The example below shows how to use the perf_event_open system call to read a single counter.

Use a text editor to create a file named perf_event_example1.c and paste the code below into the file:

    

        
        
            #include <linux/perf_event.h> /* Definition of PERF_* constants */
#include <stdio.h>
#include <stdlib.h>
#include <string.h>
#include <sys/ioctl.h>
#include <sys/syscall.h> /* Definition of SYS_* constants */
#include <unistd.h>
#include <inttypes.h>

// The function to counting through (called in main)
void code_to_measure(){
  int sum = 0;
    for(int i = 0; i < 1000000000; ++i){
      sum += 1;
    }
}

// Executes perf_event_open syscall and makes sure it is succesful or exit
static long perf_event_open(struct perf_event_attr *hw_event, pid_t pid, int cpu, int group_fd, unsigned long flags){
  int fd;
  fd = syscall(SYS_perf_event_open, hw_event, pid, cpu, group_fd, flags);
  if (fd == -1) {
    fprintf(stderr, "Error creating event");
    exit(EXIT_FAILURE);
  }

  return fd;
}

int main() {
  int fd;
  uint64_t  val;
  struct perf_event_attr  pe;

  // Configure the event to count
  memset(&pe, 0, sizeof(struct perf_event_attr));
  pe.type = PERF_TYPE_HARDWARE;
  pe.size = sizeof(struct perf_event_attr);
  pe.config = PERF_COUNT_HW_INSTRUCTIONS;
  pe.disabled = 1;
  pe.exclude_kernel = 1;   // Do not measure instructions executed in the kernel
  pe.exclude_hv = 1;  // Do not measure instructions executed in a hypervisor

  // Create the event
  fd = perf_event_open(&pe, 0, -1, -1, 0);

  //Reset counters and start counting
  ioctl(fd, PERF_EVENT_IOC_RESET, 0);
  ioctl(fd, PERF_EVENT_IOC_ENABLE, 0);
  // Example code to count through
  code_to_measure();
  // Stop counting
  ioctl(fd, PERF_EVENT_IOC_DISABLE, 0);

  // Read and print result
  read(fd, &val, sizeof(val));
  printf("Instructions retired: %"PRIu64"\n", val);

  // Clean up file descriptor
  close(fd);

  return 0;
}
        
    

The example counts the number of instructions executed in the code_to_measure function.

Just as with PAPI, the counter is started right before the call to code_to_measure and the counter is stopped and read just after the call to code_to_measure.

The event being counted is PERF_COUNT_HW_INSTRUCTIONS which maps to the Arm PMU INST_RETIRED (ID: 0x08) event.

The perf_event_open documentation lists the preset events that can be used.
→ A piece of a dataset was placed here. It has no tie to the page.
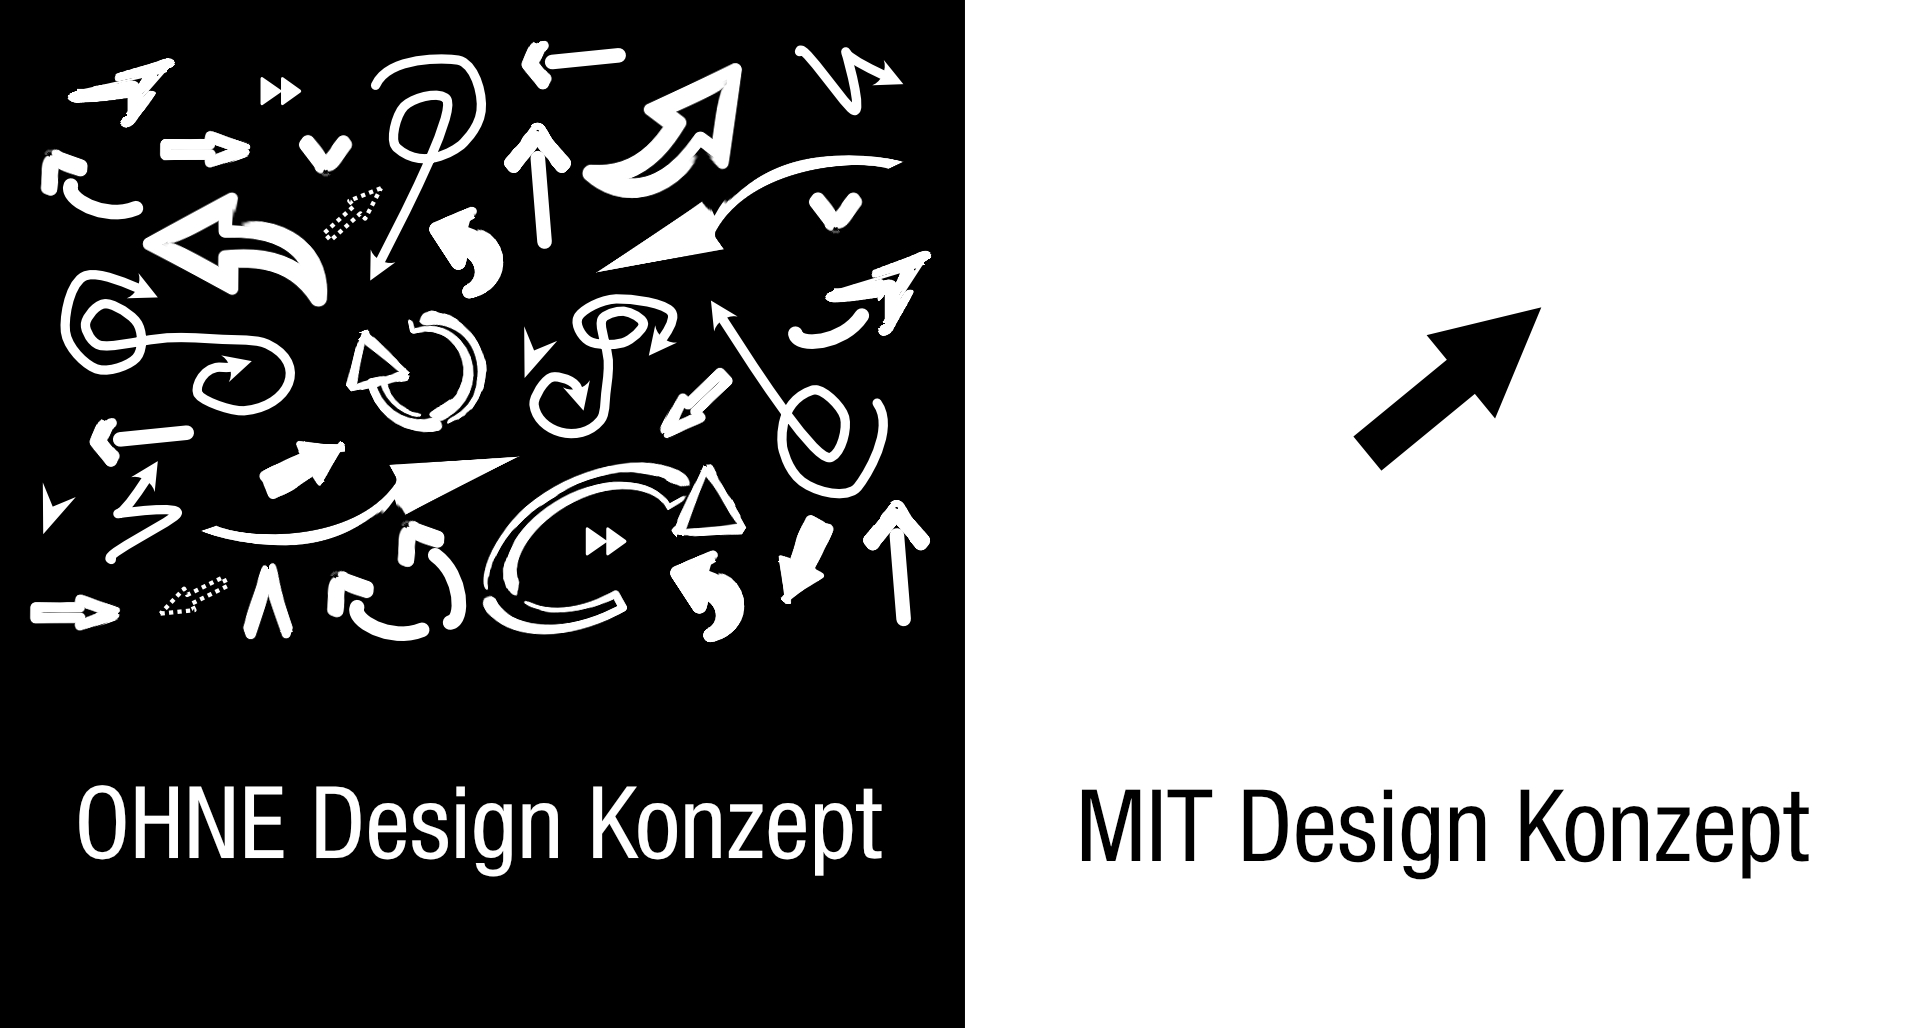 Unterschied mit oder ohne Design Konzept

It is also possible to use a raw event code if a preset doesn’t exist. The data structure perf_event_attr is how the event to count is configured. This data structure has numerous fields. In the example above, the data structure is setup so that instructions executed in the kernel (or Arm exception level EL1) and instructions executed in the hypervisor (or Arm exception level EL2) are not counted. This means the example is only counting user space instructions executed (or Arm exception level EL0).

You can review the manual page to understand the configuration options for event counting.
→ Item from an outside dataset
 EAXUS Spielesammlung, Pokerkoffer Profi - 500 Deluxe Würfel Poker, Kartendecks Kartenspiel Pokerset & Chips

Compile the example using the GNU compiler:

    

        
        
            gcc perf_event_example1.c -o perf_event_example1
        
    

Run the application as root (or using sudo):

    

        
        
            sudo ./perf_event_example1
        
    

The output will be similar to:

    

        
        Instructions retired: 11000000029

        
    

Your counter value may be different from what is shown above. There are many variables that change the count including the CPU design and the compiler.

Configure multiple counters (no multiplexing)
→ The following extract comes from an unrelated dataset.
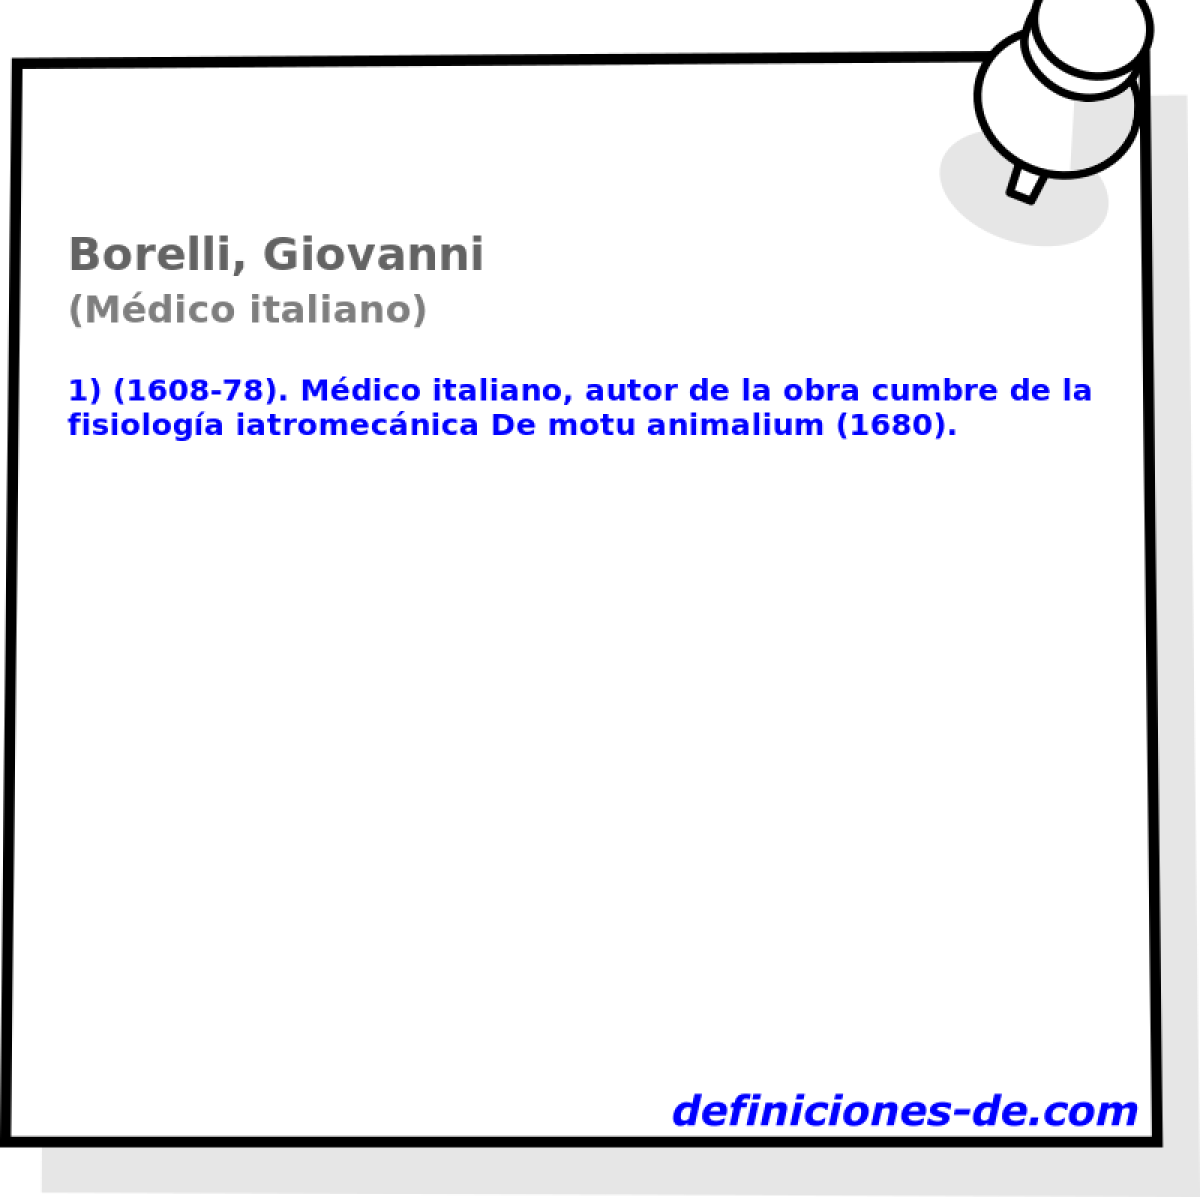 Borelli, Giovanni (Mdico italiano)

Counting a group of events makes it possible to calculate ratios like Instructions Per Cycle (IPC). Below is an example of counting multiple events.

Use a text editor to create a file named perf_event_example2.c and paste the code below into the file:

    

        
        
            #include <linux/perf_event.h> /* Definition of PERF_* constants */
#include <stdio.h>
#include <stdlib.h>
#include <string.h>
#include <sys/ioctl.h>
#include <sys/syscall.h> /* Definition of SYS_* constants */
#include <unistd.h>
#include <inttypes.h>
#define TOTAL_EVENTS 6

// The function to counting through (called in main)
void code_to_measure(){
  int sum = 0;
  for(int i = 0; i < 1000000000; ++i){
    sum += 1;
  }
}

// Executes perf_event_open syscall and makes sure it is succesful or exit
static long perf_event_open(struct perf_event_attr *hw_event, pid_t pid, int cpu, int group_fd, unsigned long flags){
  int fd;
  fd = syscall(SYS_perf_event_open, hw_event, pid, cpu, group_fd, flags);
  if (fd == -1) {
    fprintf(stderr, "Error creating event");
    exit(EXIT_FAILURE);
  }

  return fd;
}

// Helper function to setup a perf event structure (perf_event_attr; see man perf_open_event)
void configure_event(struct perf_event_attr *pe, uint32_t type, uint64_t config){
  memset(pe, 0, sizeof(struct perf_event_attr));
  pe->type = type;
  pe->size = sizeof(struct perf_event_attr);
  pe->config = config;
  pe->read_format = PERF_FORMAT_GROUP | PERF_FORMAT_ID;
  pe->disabled = 1;
  pe->exclude_kernel = 1;
  pe->exclude_hv = 1;
}

// Format of event data to read
// Note: This format changes depending on perf_event_attr.read_format
// See `man perf_event_open` to understand how this structure can be different depending on event config
// This read_format structure corresponds to when PERF_FORMAT_GROUP & PERF_FORMAT_ID are set
struct read_format {
  uint64_t nr;
  struct {
    uint64_t value;
    uint64_t id;
  } values[TOTAL_EVENTS];
};

int main() {
  int fd[TOTAL_EVENTS];  // fd[0] will be the group leader file descriptor
  int id[TOTAL_EVENTS];  // event ids for file descriptors
  uint64_t pe_val[TOTAL_EVENTS]; // Counter value array corresponding to fd/id array.
  struct perf_event_attr pe[TOTAL_EVENTS];  // Configuration structure for perf events (see man perf_event_open)
  struct read_format counter_results;

  // Configure the group of PMUs to count
  configure_event(&pe[0], PERF_TYPE_HARDWARE, PERF_COUNT_HW_CPU_CYCLES);
  configure_event(&pe[1], PERF_TYPE_HARDWARE, PERF_COUNT_HW_INSTRUCTIONS);
  configure_event(&pe[2], PERF_TYPE_HARDWARE, PERF_COUNT_HW_STALLED_CYCLES_FRONTEND);
  configure_event(&pe[3], PERF_TYPE_HARDWARE, PERF_COUNT_HW_STALLED_CYCLES_BACKEND);
  configure_event(&pe[4], PERF_TYPE_RAW, 0x70);  // Count of speculative loads (see Arm PMU docs)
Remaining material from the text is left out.